A dying man reminisces while playing golf at storied course Pebble Beach.
Few sports are used as a metaphor for life as frequently as golf, a tradition carried on by Schreiber in this sometimes poignant, sometimes tedious story. When Dr. Brian Levy, a former hippie turned middle-aged physician, learns that he’s dying from a brain tumor, he decides to fulfill a dream: playing 18 holes with his father at Pebble Beach, the course where Tom Watson’s miraculous chip on 17 won the U.S. Open in 1982–one of the few true bonding moments Brian (who hated golf) shared with his father (who loved it). It wasn’t until later in life–when a knee injury forced him off the tennis court and onto the golf course–that Brian fostered his own love of the game, though his love is borne of a desire to excel, whereas his father–who doesn’t even keep score–plays for sheer pleasure. With his mother deceased and his sister unreliable, Brian worries about who will care for his dad, a previously unflappable former executive suffering from dementia. What Brian intends to be a day focused solely on golf quickly becomes a rumination on major events in his life. There’s a chapter for every hole, with each missed putt, perfect drive and breathtaking view mirroring Brian’s life, from his rebellious college years and days in medical school to his divorce and relationship with his father.

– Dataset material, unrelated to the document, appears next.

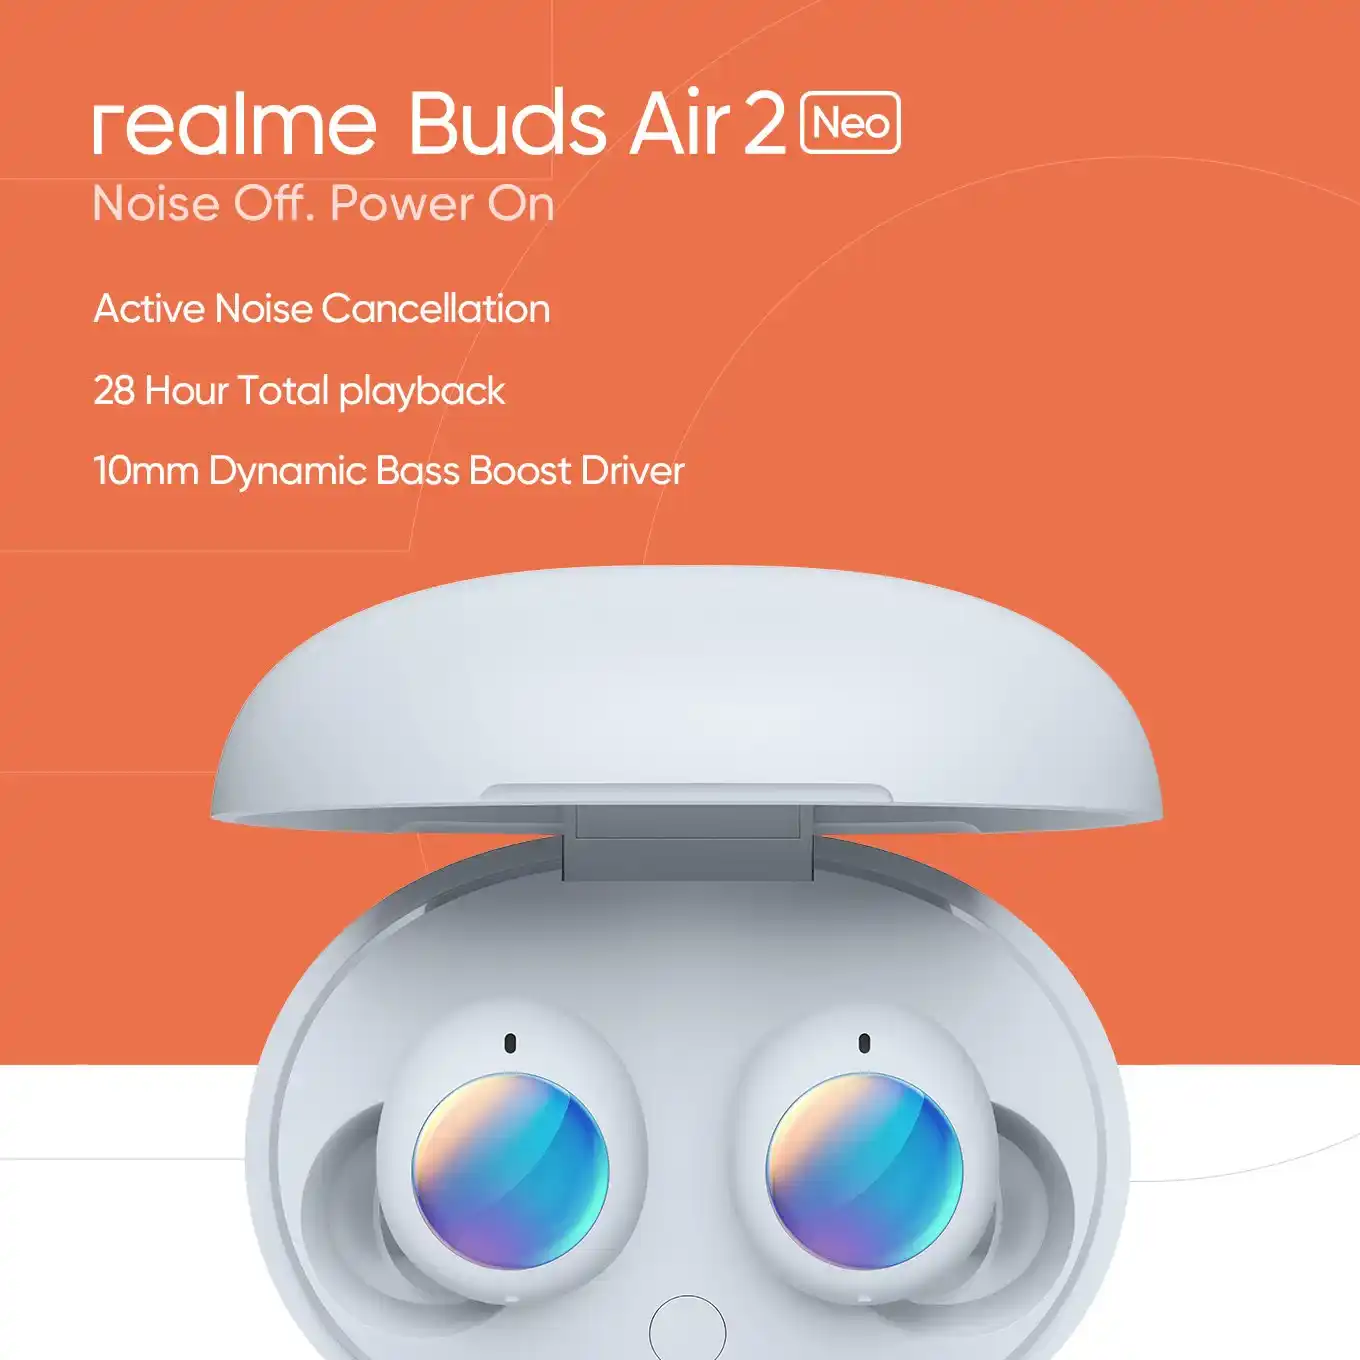 Realme Buds Air 2 Neo launching on April 7 in Pakistan

It’s a clever idea, but the repetitive narrative structure quickly becomes formulaic, and Brian’s self-examination turns monotonous before he hits the back nine. Still, there are enough powerful moments–such as when Brian reveals his illness to his father, whose addled brain can’t process the information and promptly discards it–and instances of genuine insight into both golf and life to compensate for the story’s duller patches.
Bogeys a few holes, but buries enough birdies to break even.